* Exercise goal:
After locating "Blackout Green Clock", return its line and all lines that follow through the end of the listing below, exactly; leave out pictures.

* Recorded information:
********************

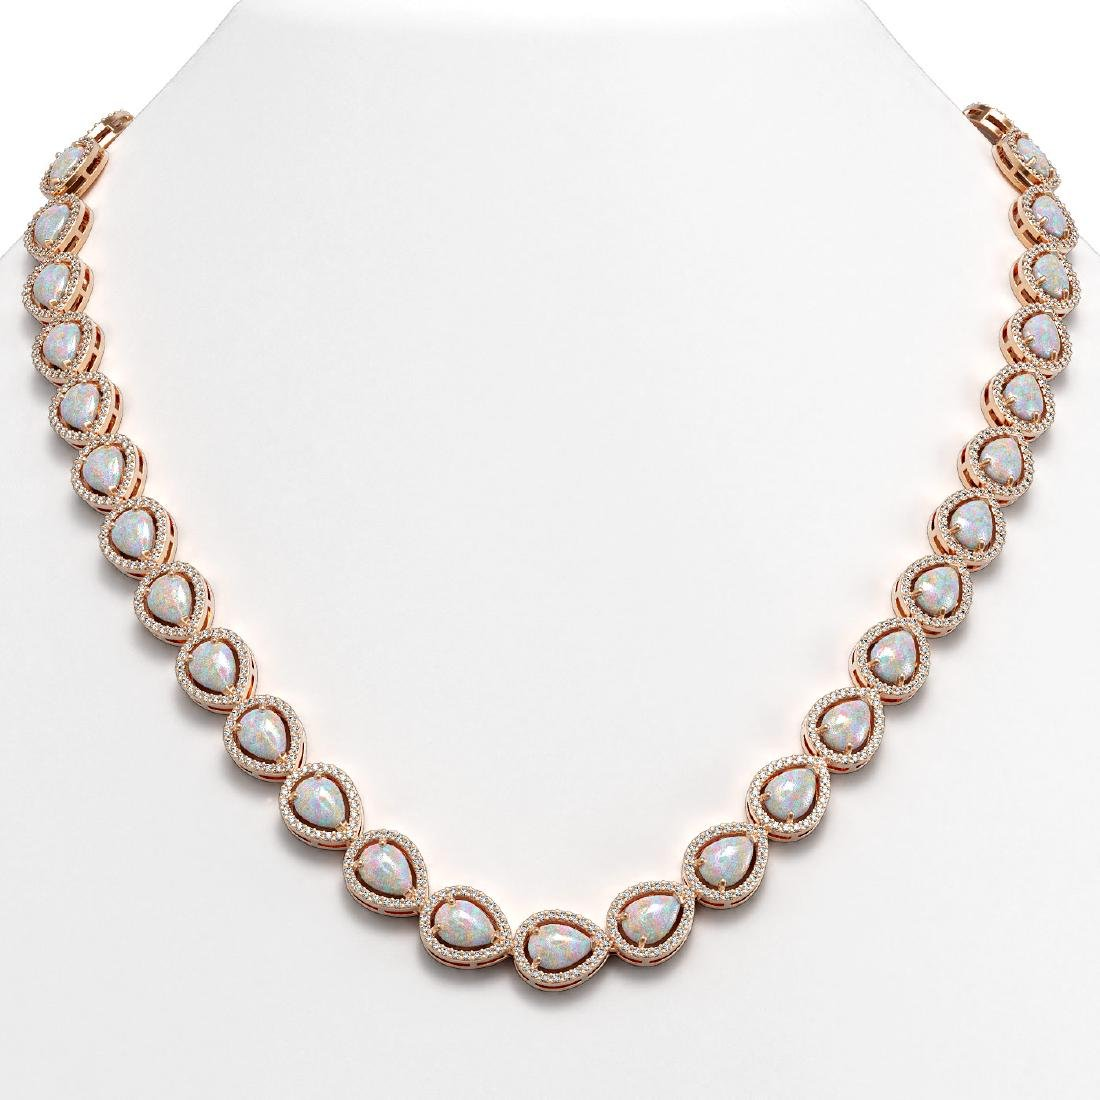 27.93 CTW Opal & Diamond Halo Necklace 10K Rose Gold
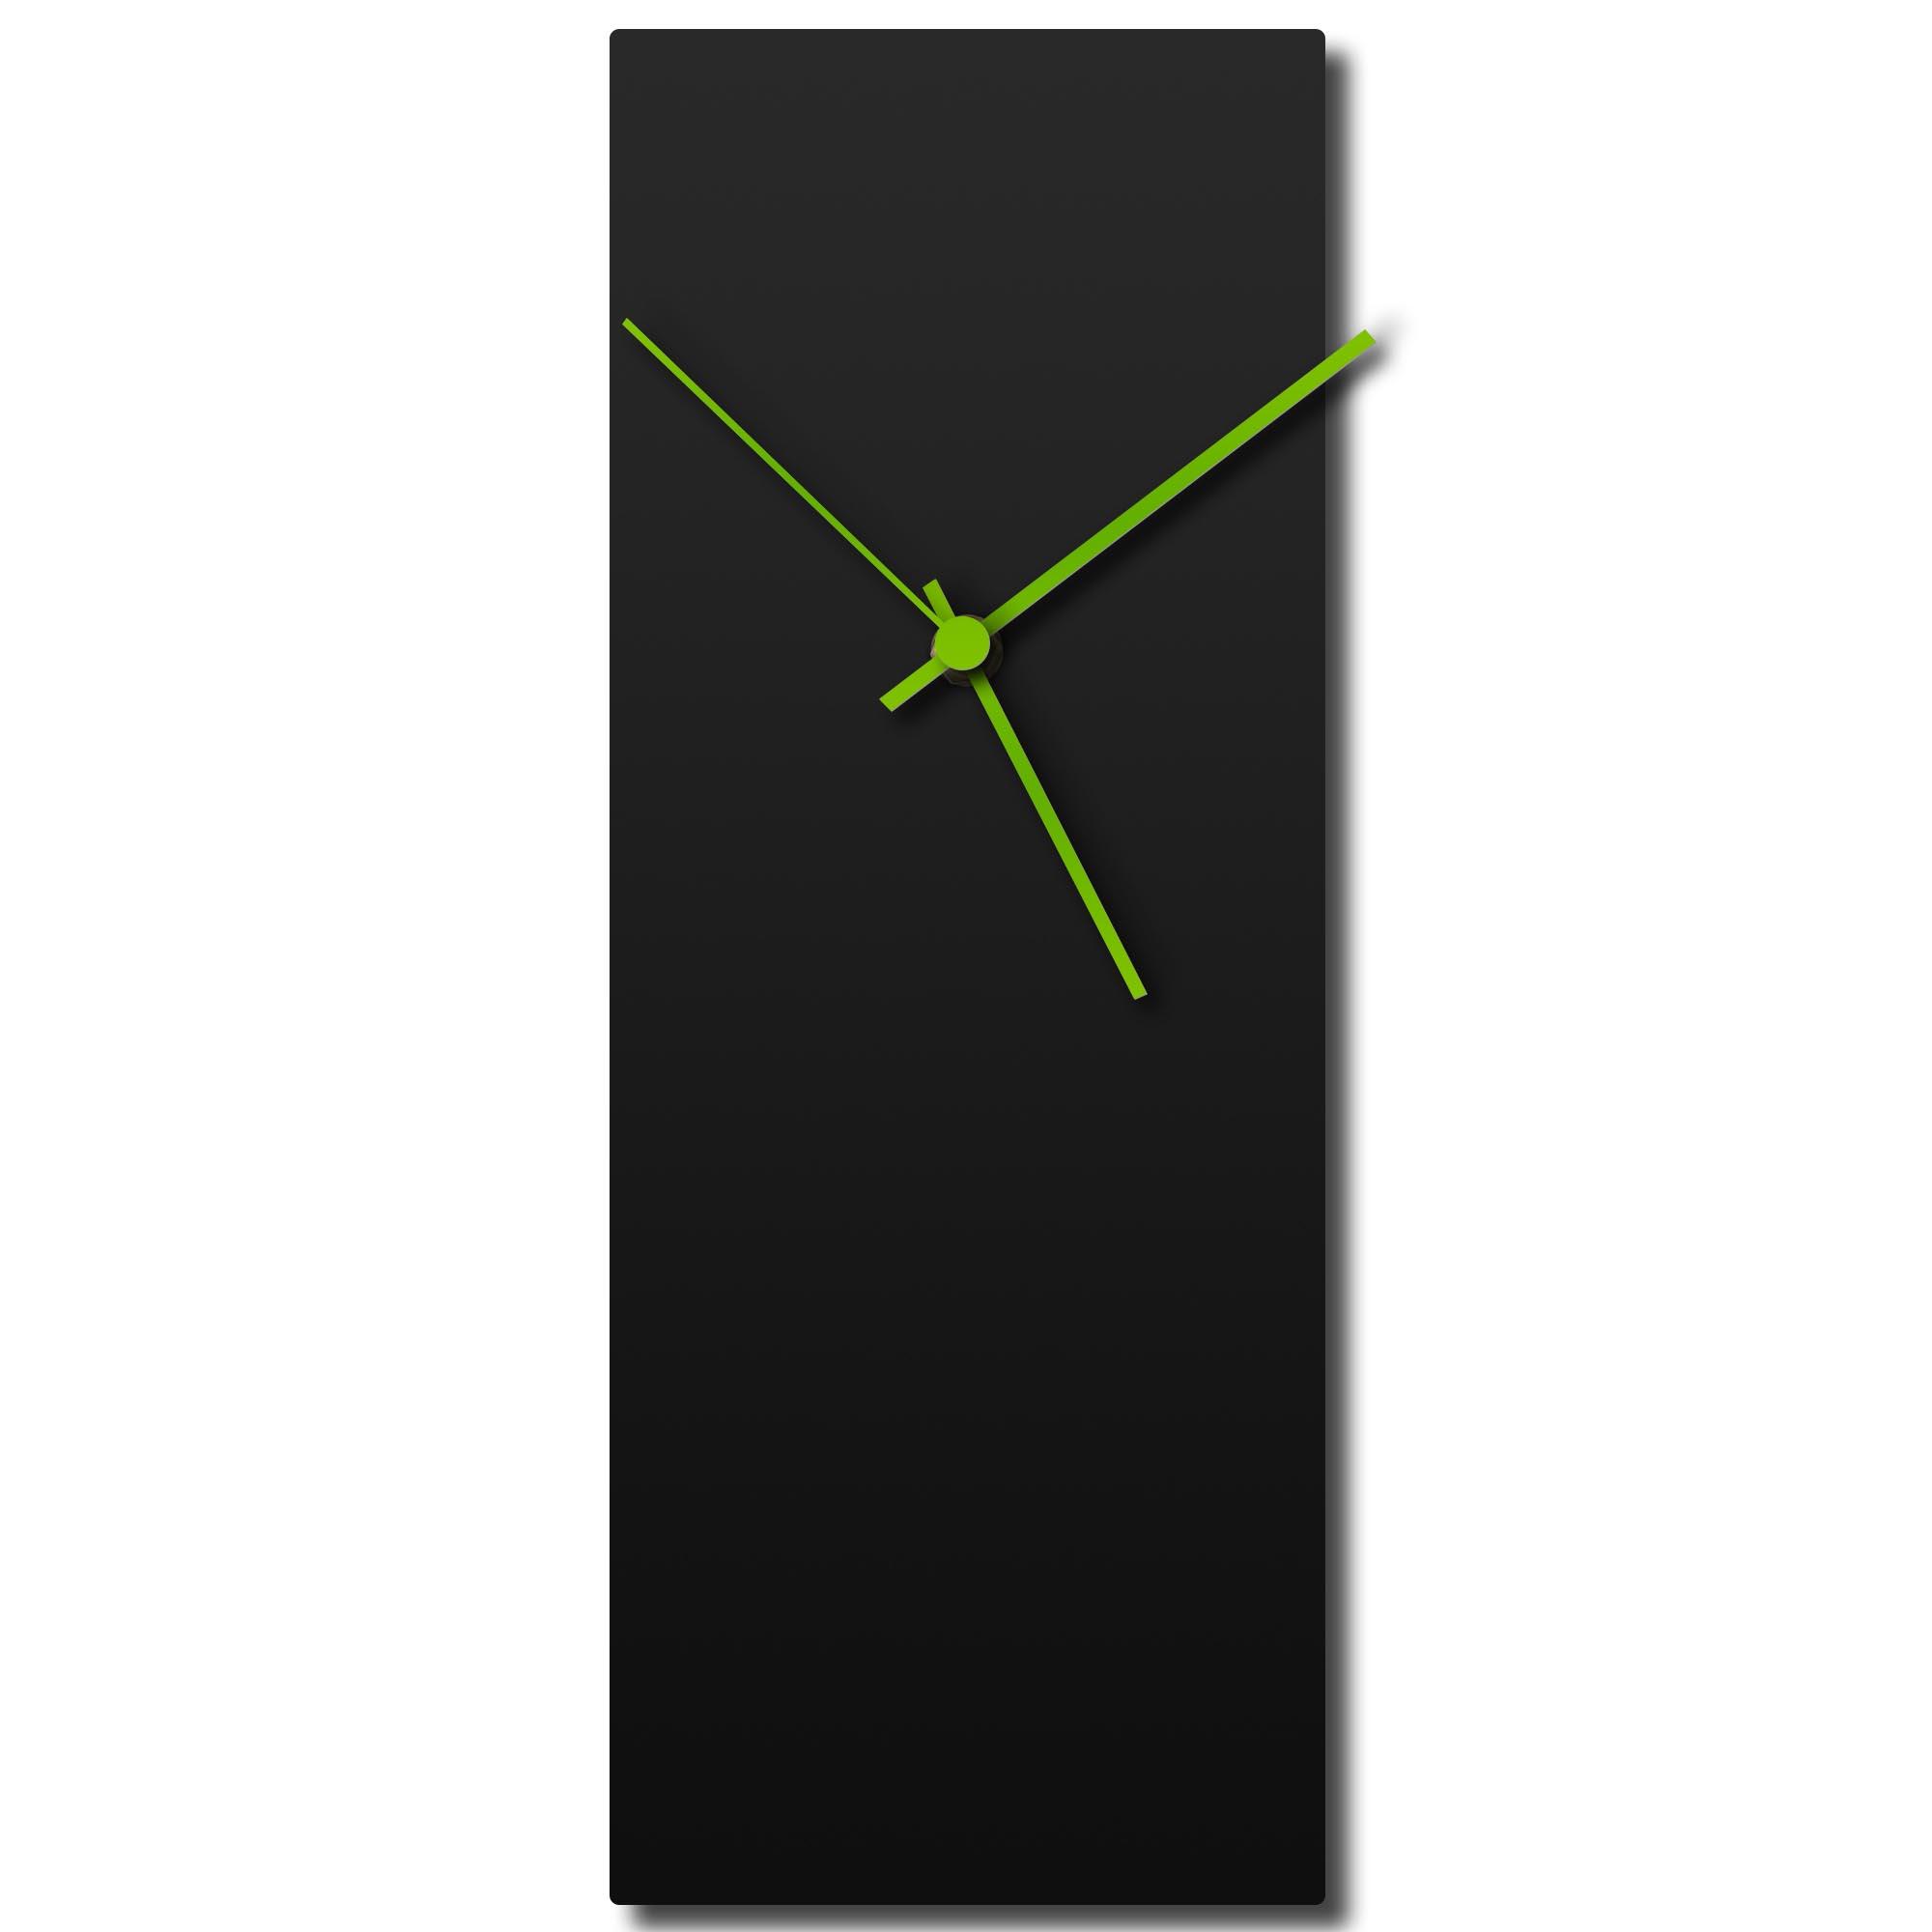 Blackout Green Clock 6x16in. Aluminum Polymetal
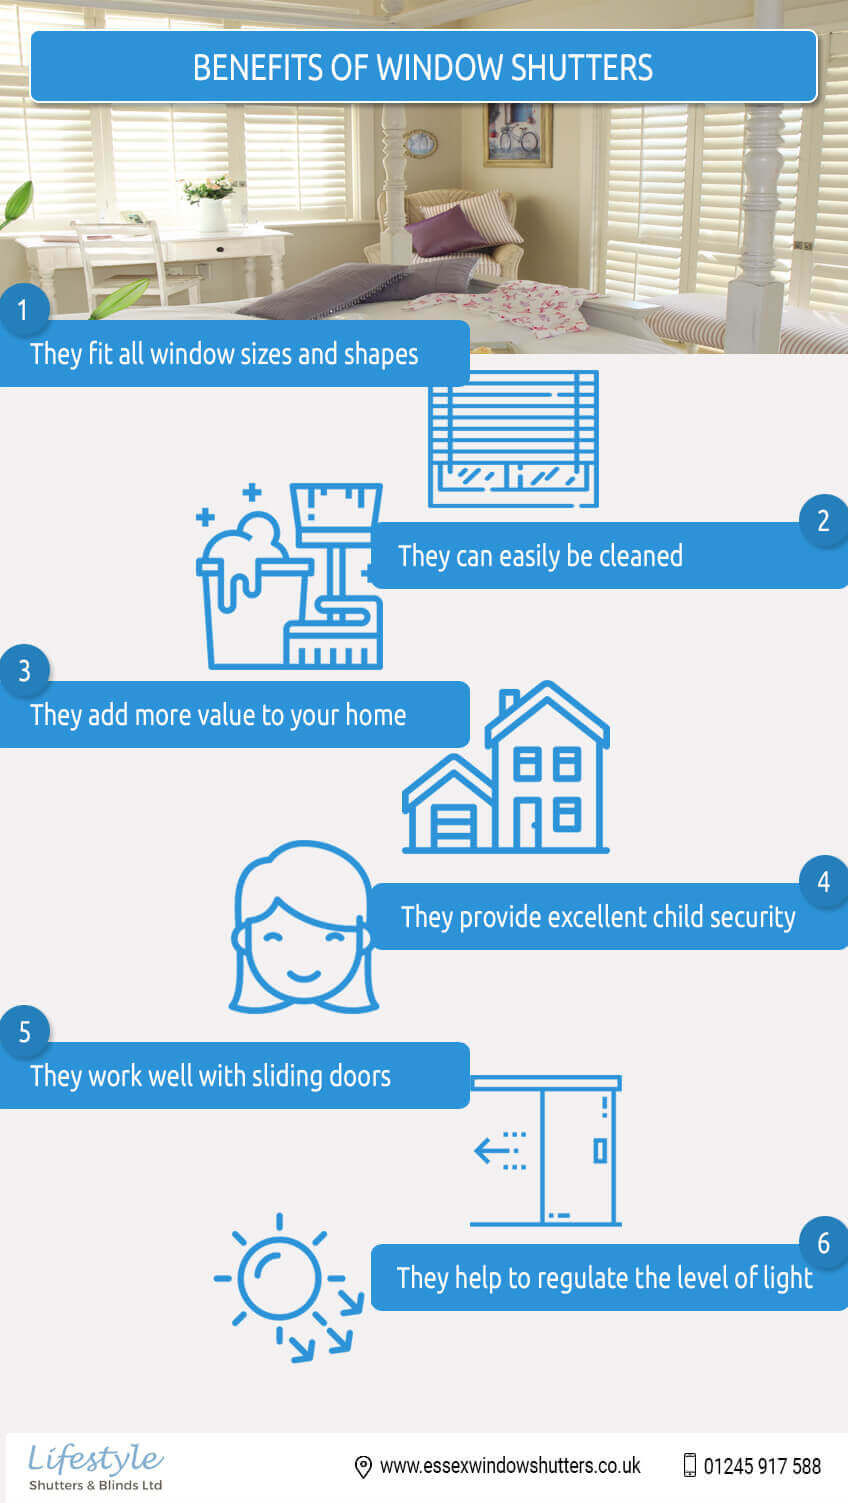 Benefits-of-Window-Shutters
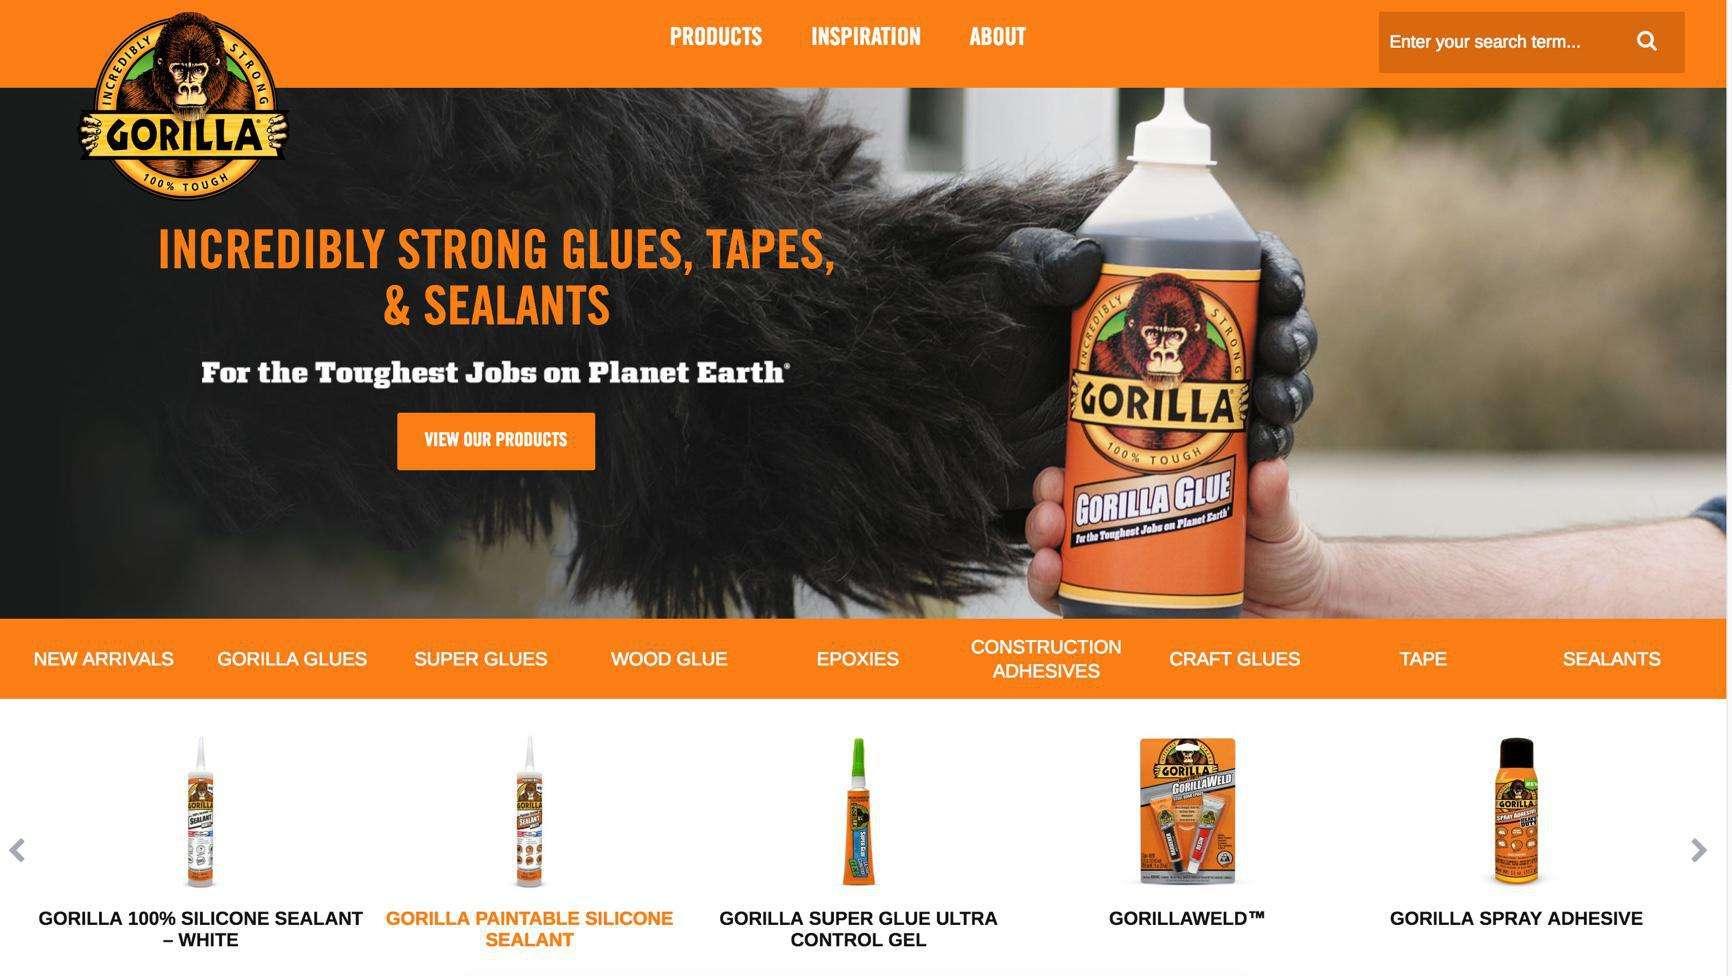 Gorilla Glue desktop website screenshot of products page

********************

* Answer box:
 Blackout Green Clock 6x16in. Aluminum Polymetal
 Benefits-of-Window-Shutters
 Gorilla Glue desktop website screenshot of products page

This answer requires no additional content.